■ WORK REQUEST
What is needed is an exact reproduction of the listing, without its pictures.

■ GIVEN DATA
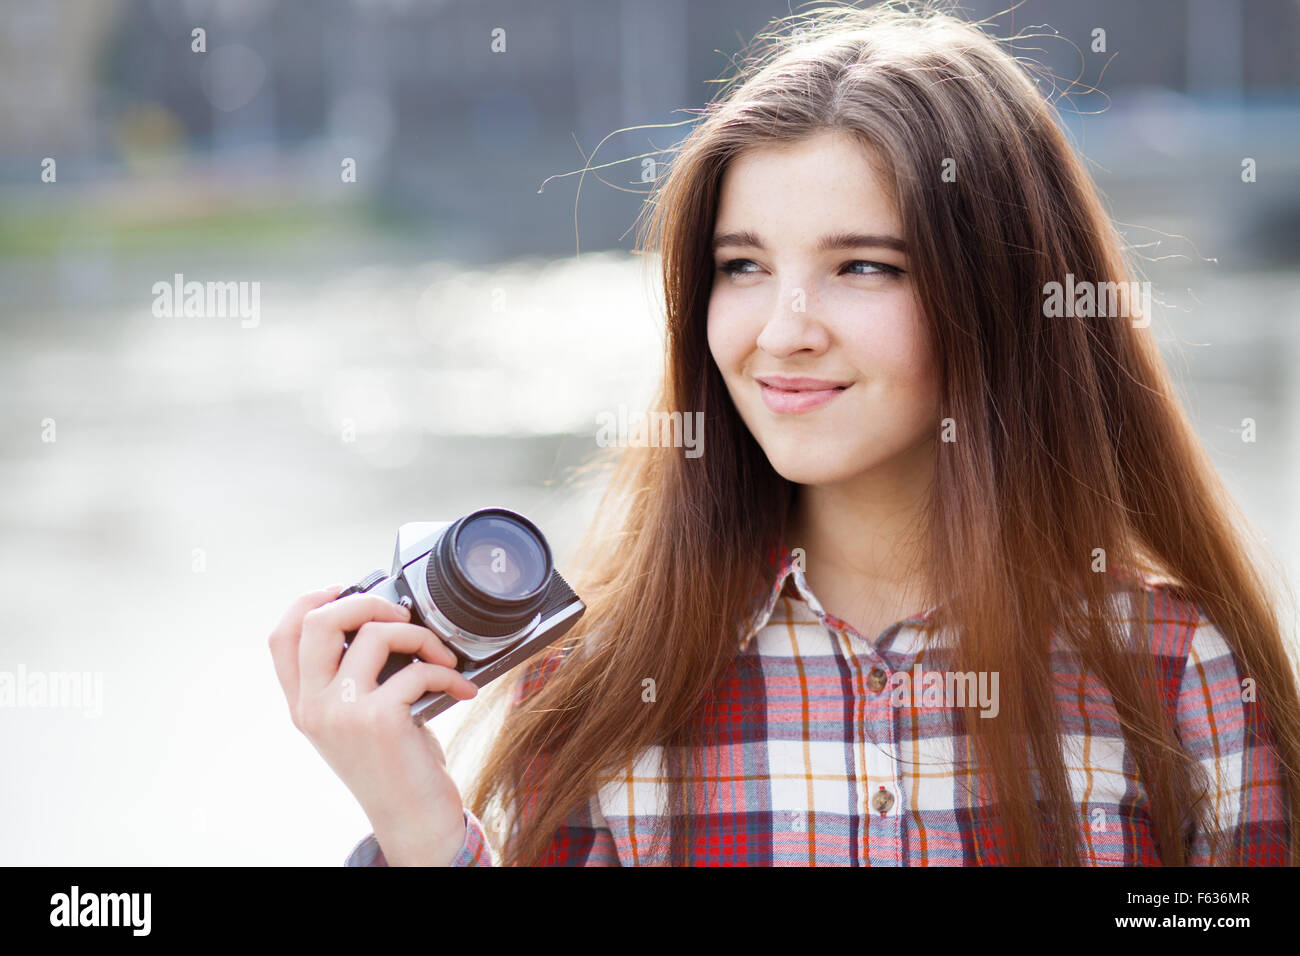 Portrait of a young woman with photo camera Stock Photo
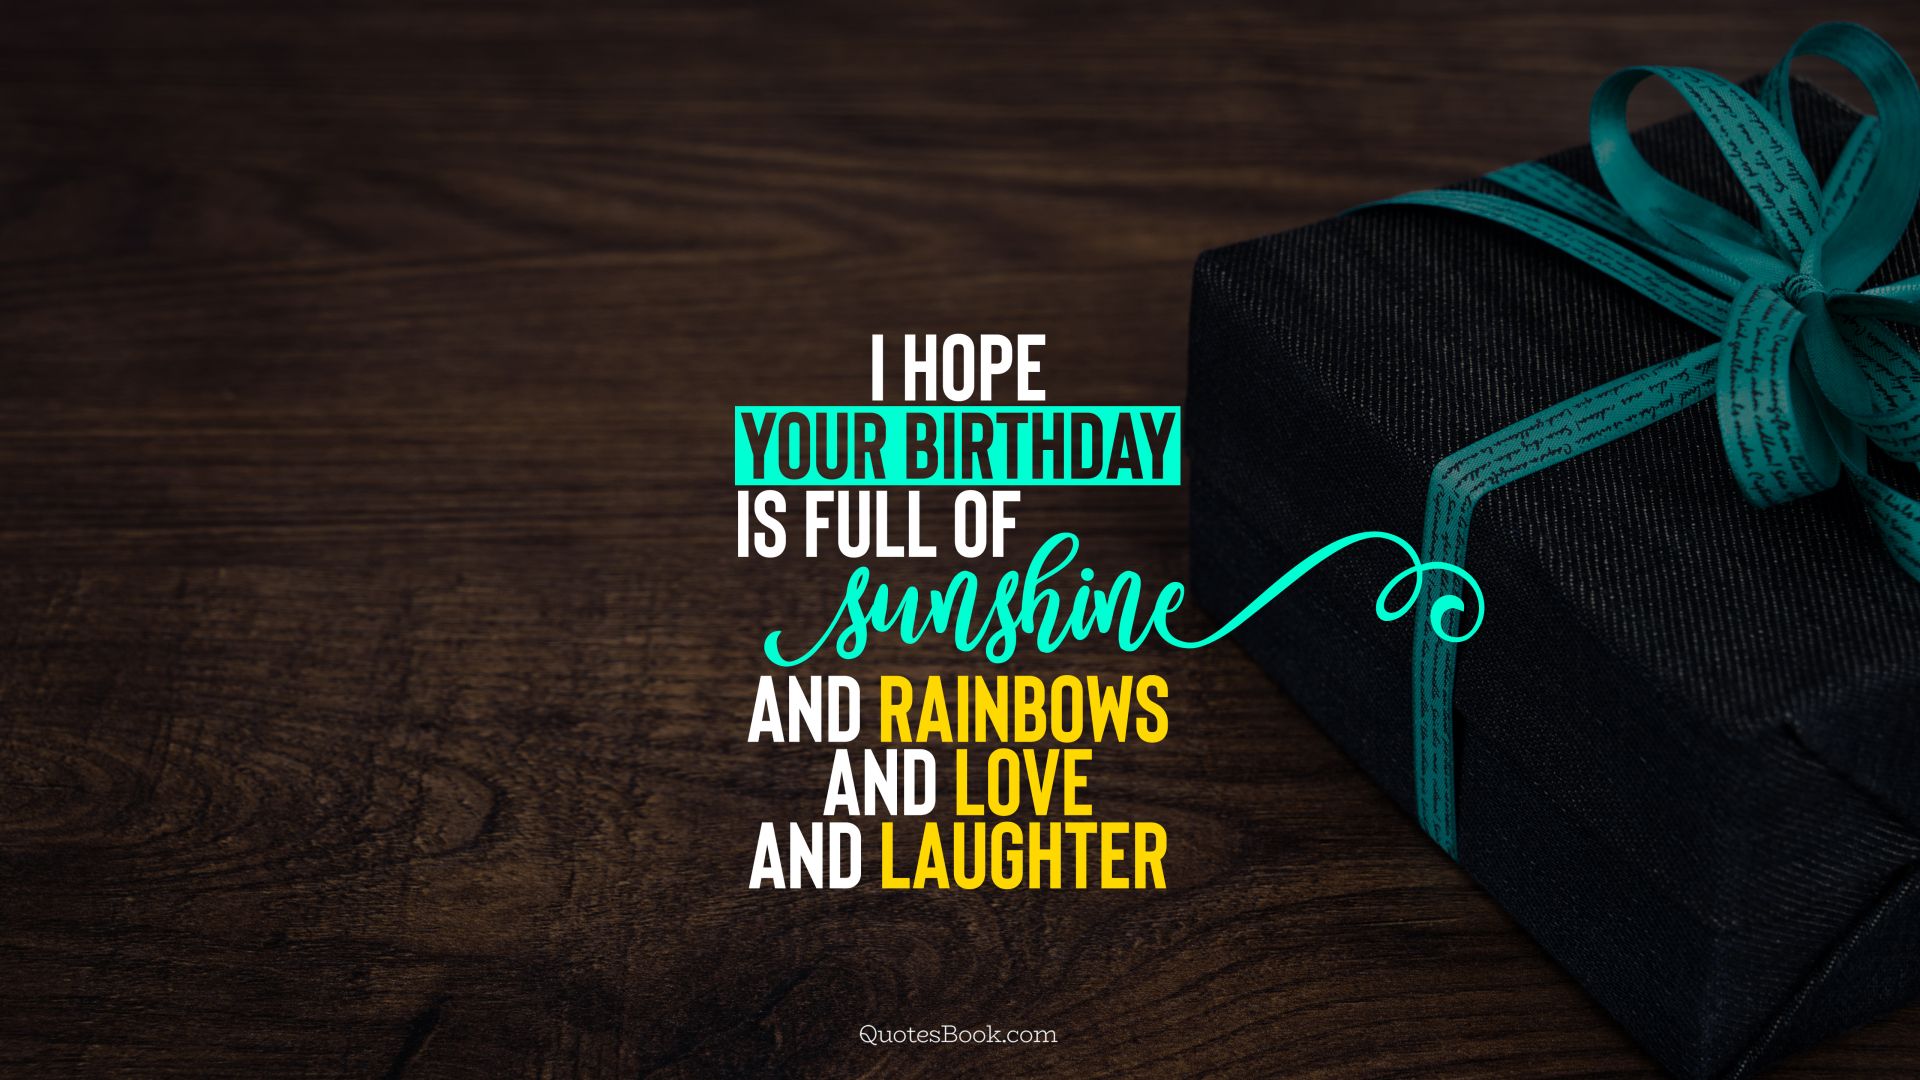 I hope your birthday is full of sunshine and rainbows and love and laughter
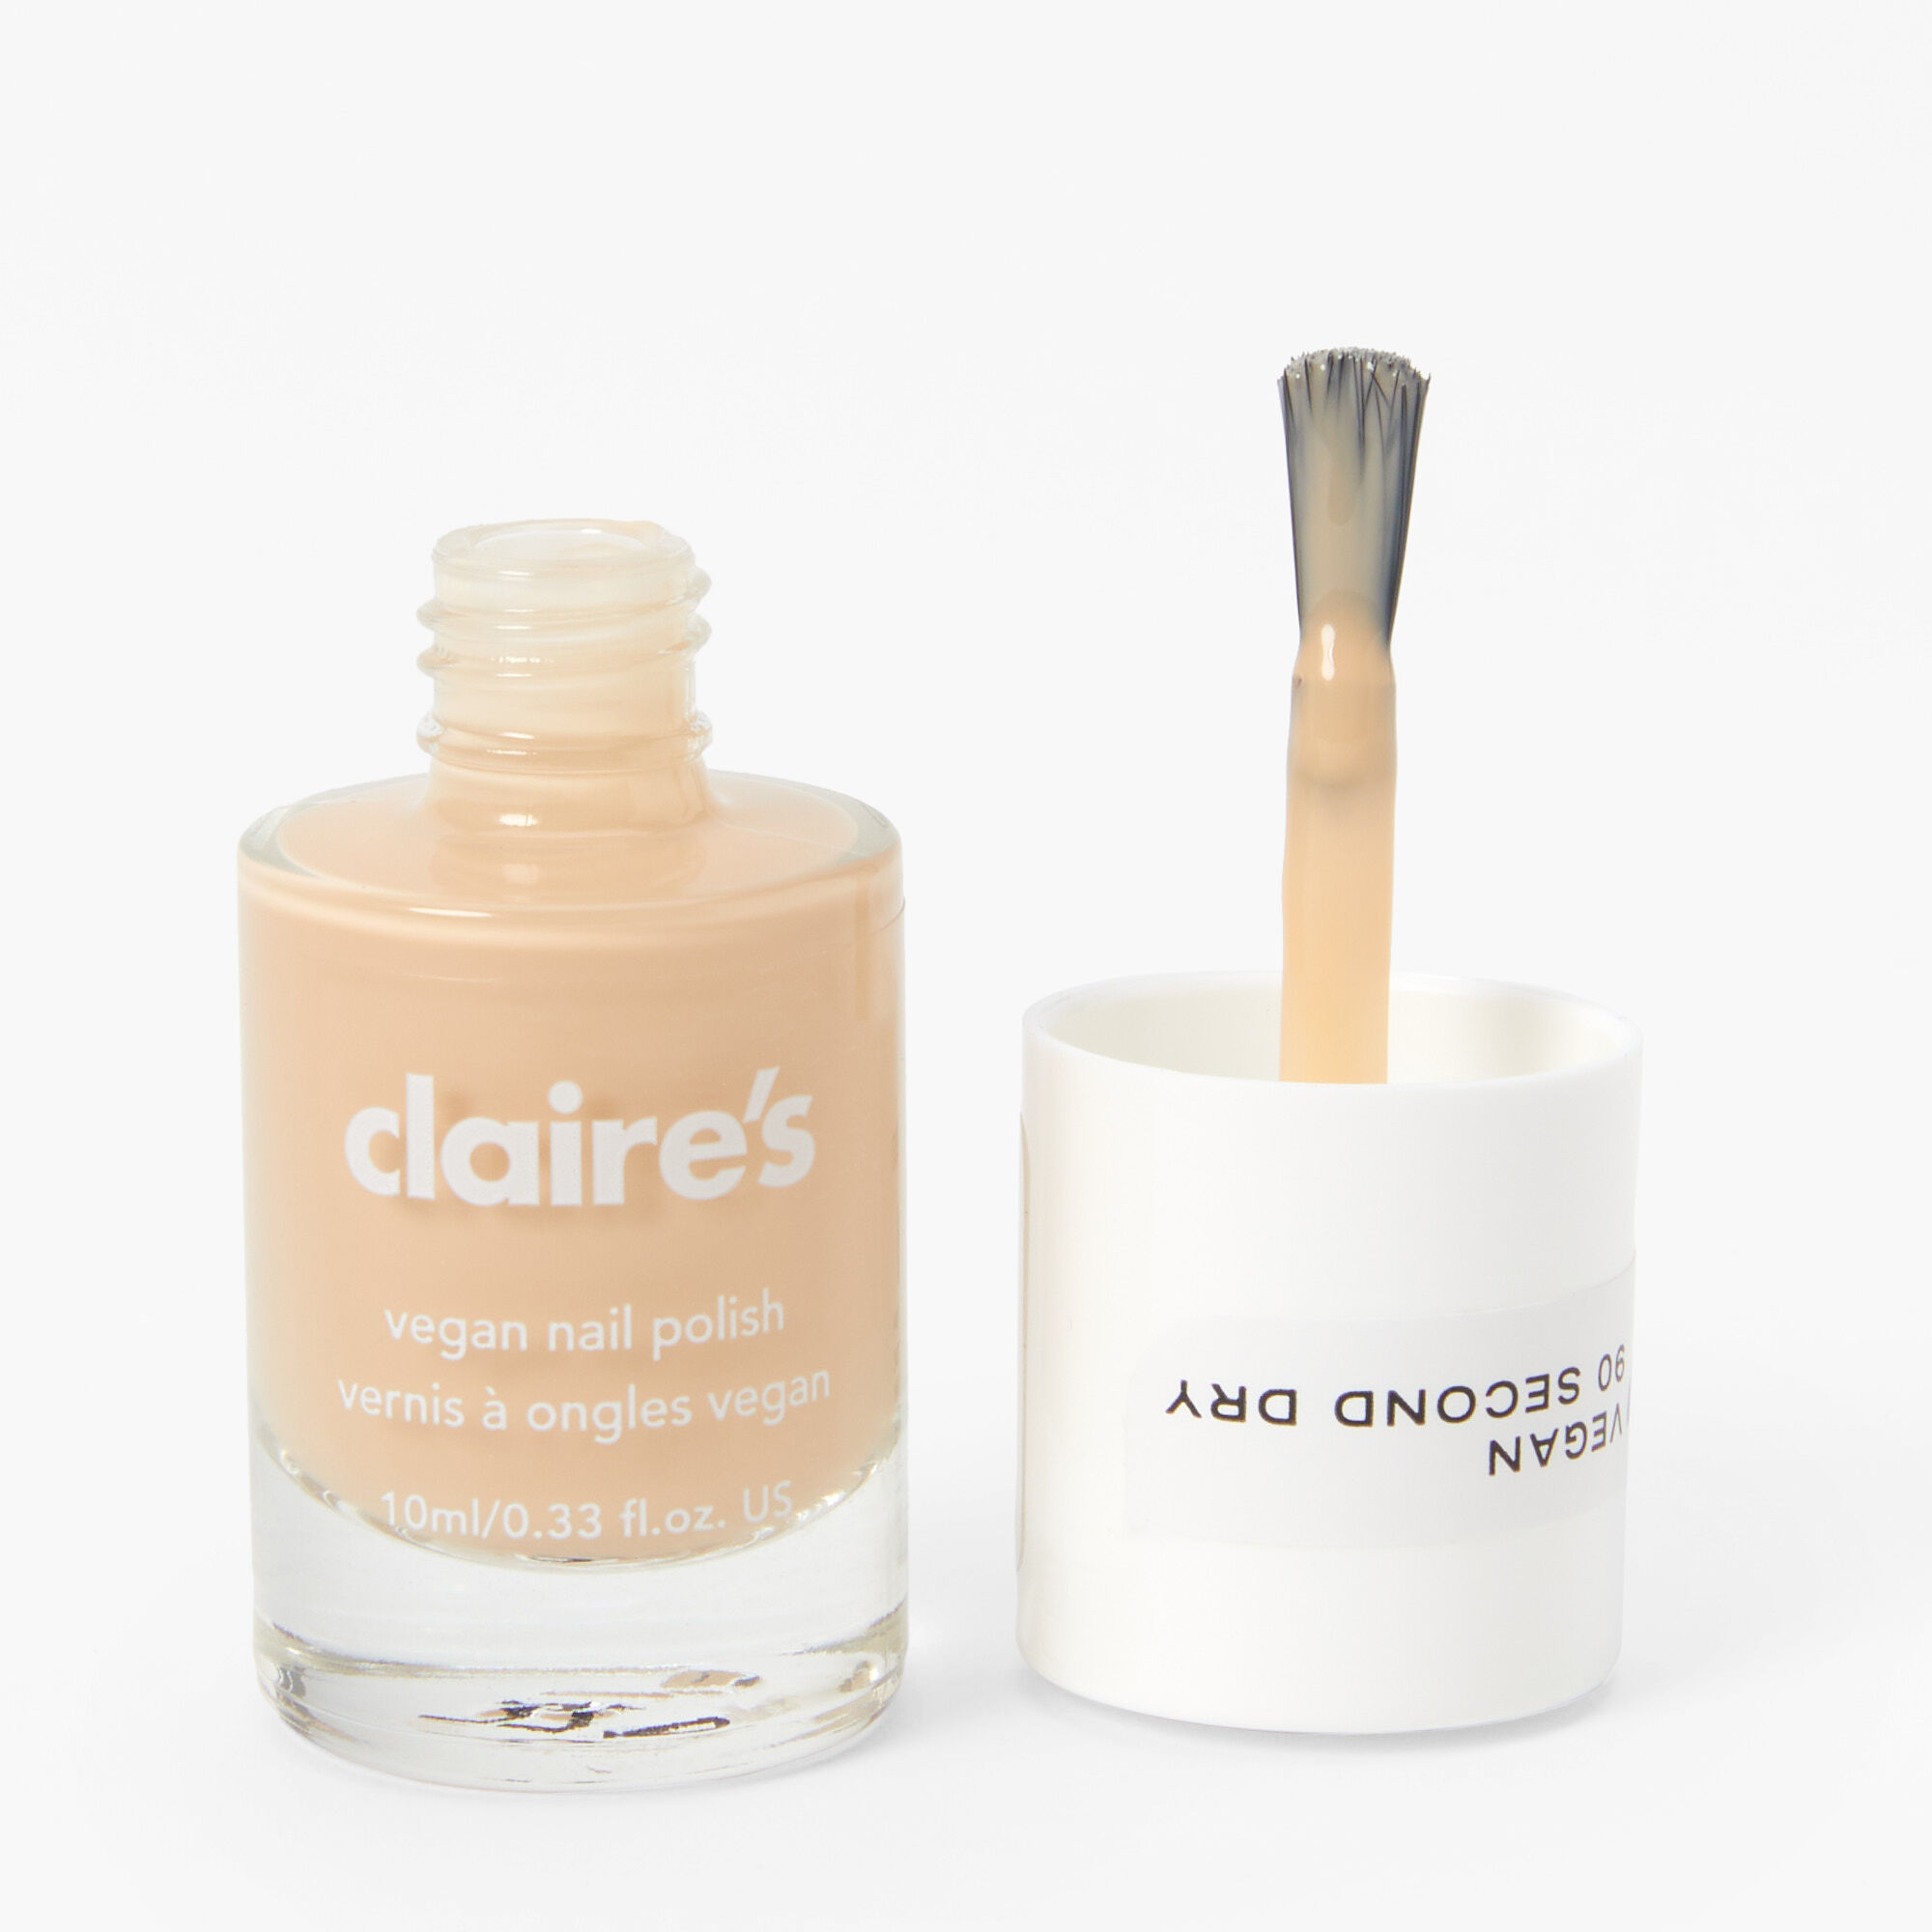 View Claires Vegan Nail Polish Nude information

■ WRITTEN REPLY
 Portrait of a young woman with photo camera Stock Photo
 I hope your birthday is full of sunshine and rainbows and love and laughter
 View Claires Vegan Nail Polish Nude information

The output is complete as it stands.